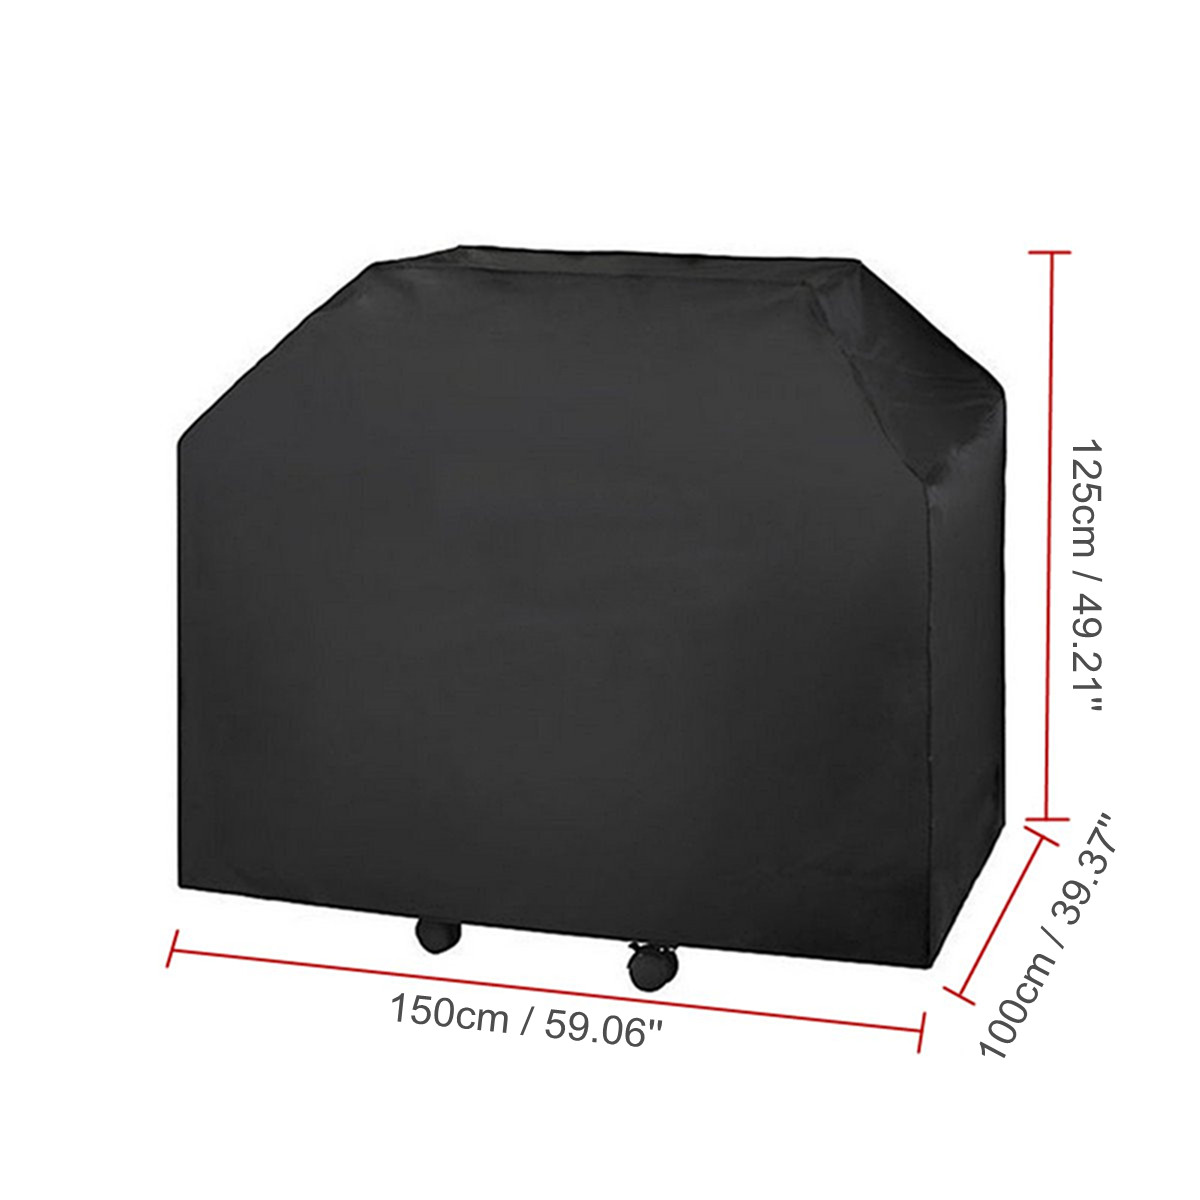 59-Inch-BBQ-Grill-Barbecue-Waterproof-Cover-Heavy-Duty-UV-Protector-Outdoor-Yard-Camping-1352191-2
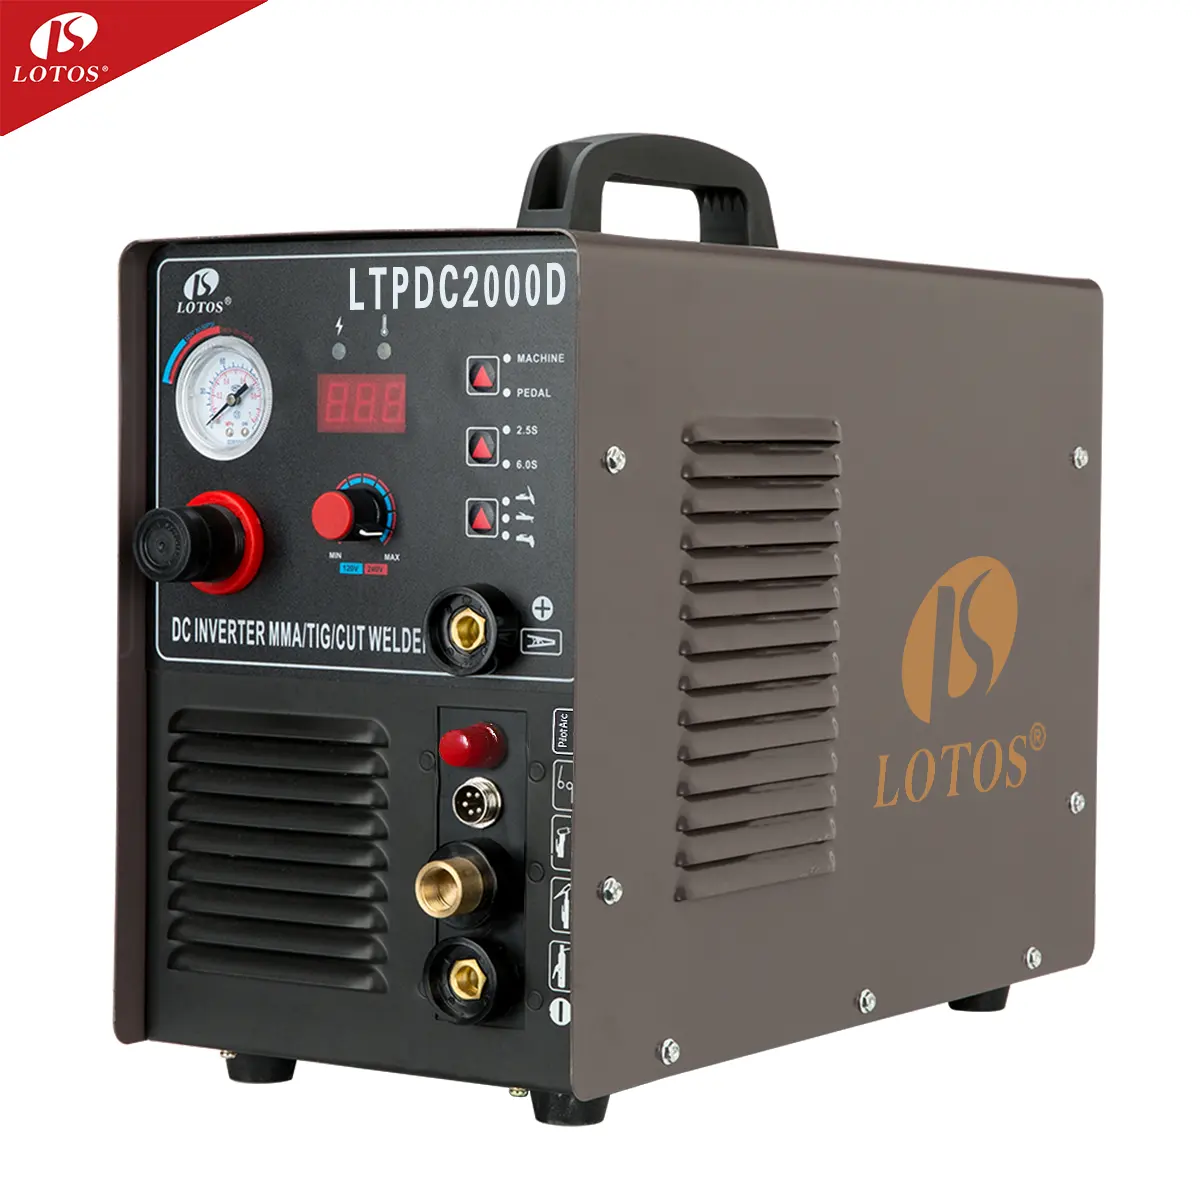 The Lotos LTPDC2000D 110/220V High Quality Air Cut 3in 1 tig mma torch arc welders 110v 220v
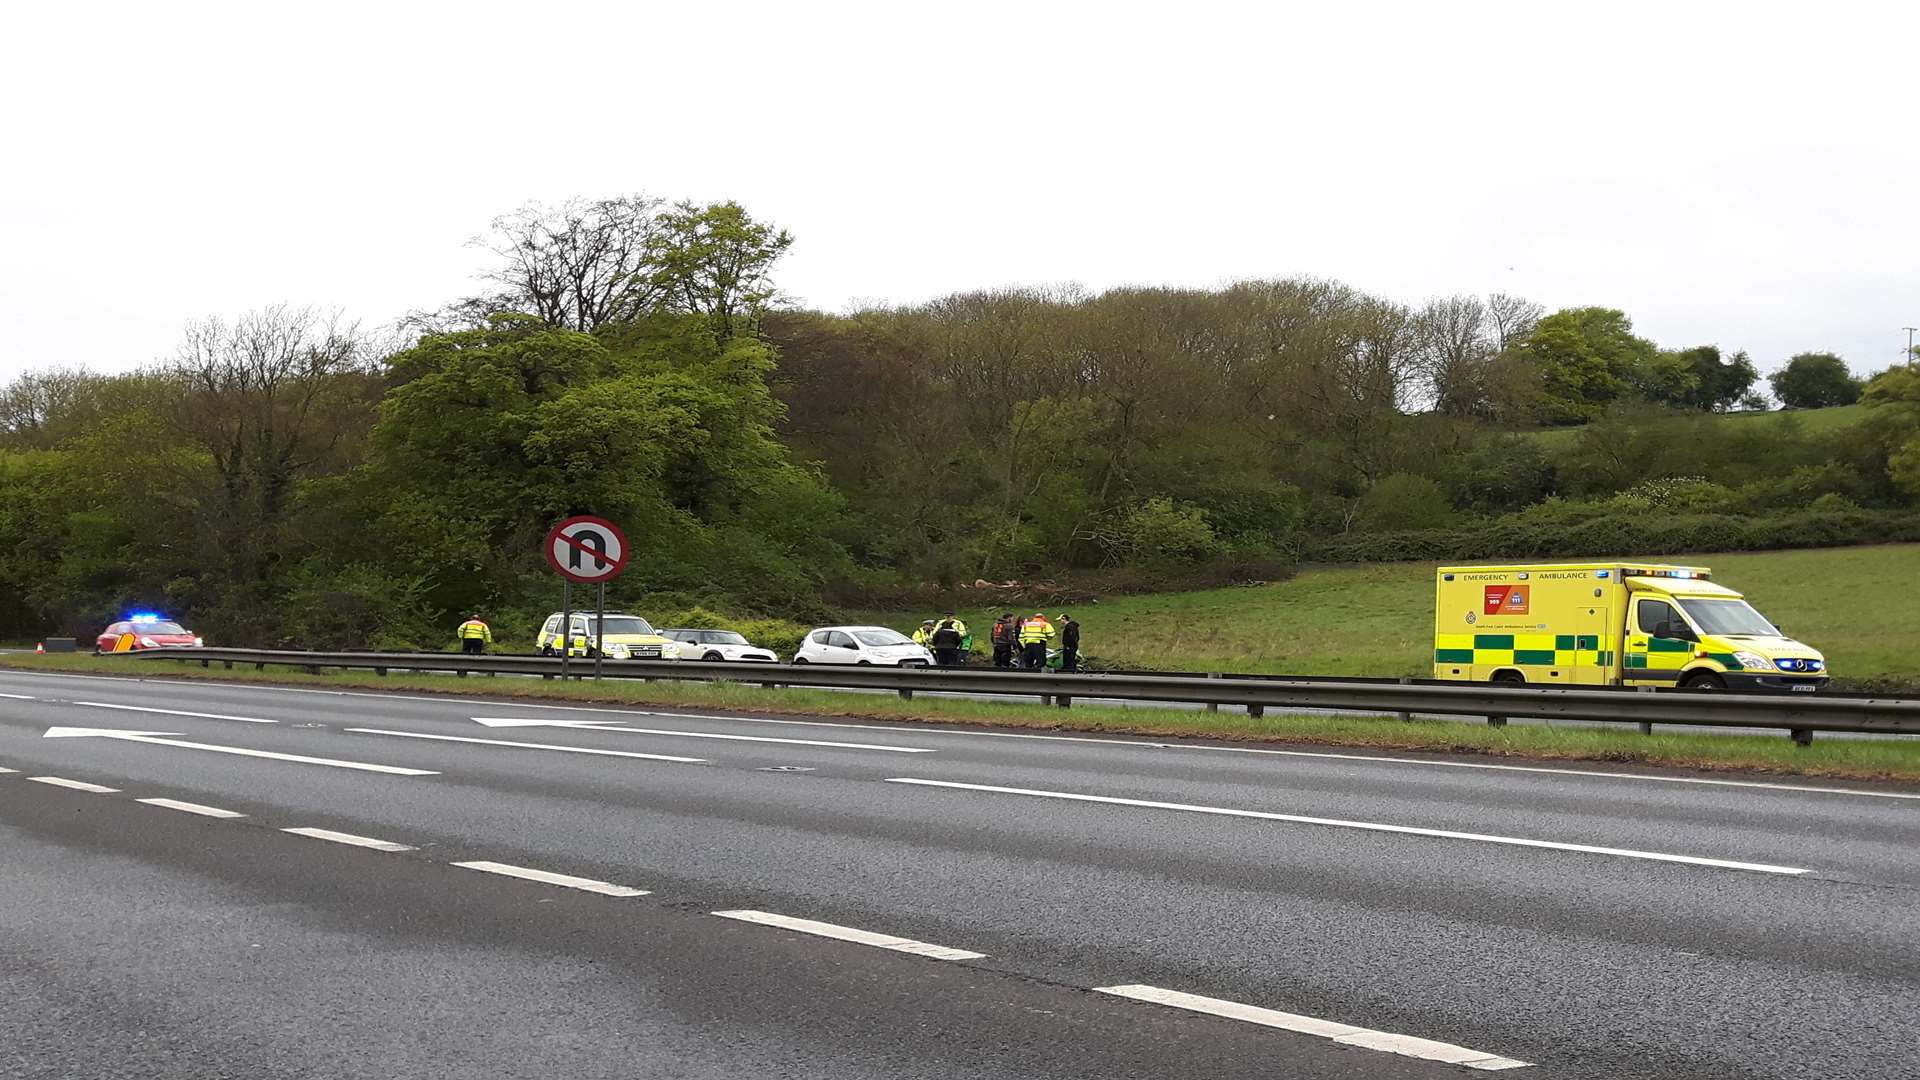 Police and ambulance on the A249 near Hucking.
+++
## TASK DIRECTIONS
Each line of the listing is to be retyped exactly, and its pictures are to be dropped.

## WRITTEN SOLUTION
 59-Inch-BBQ-Grill-Barbecue-Waterproof-Cover-Heavy-Duty-UV-Protector-Outdoor-Yard-Camping-1352191-2
 The Lotos LTPDC2000D 110/220V High Quality Air Cut 3in 1 tig mma torch arc welders 110v 220v
 Police and ambulance on the A249 near Hucking.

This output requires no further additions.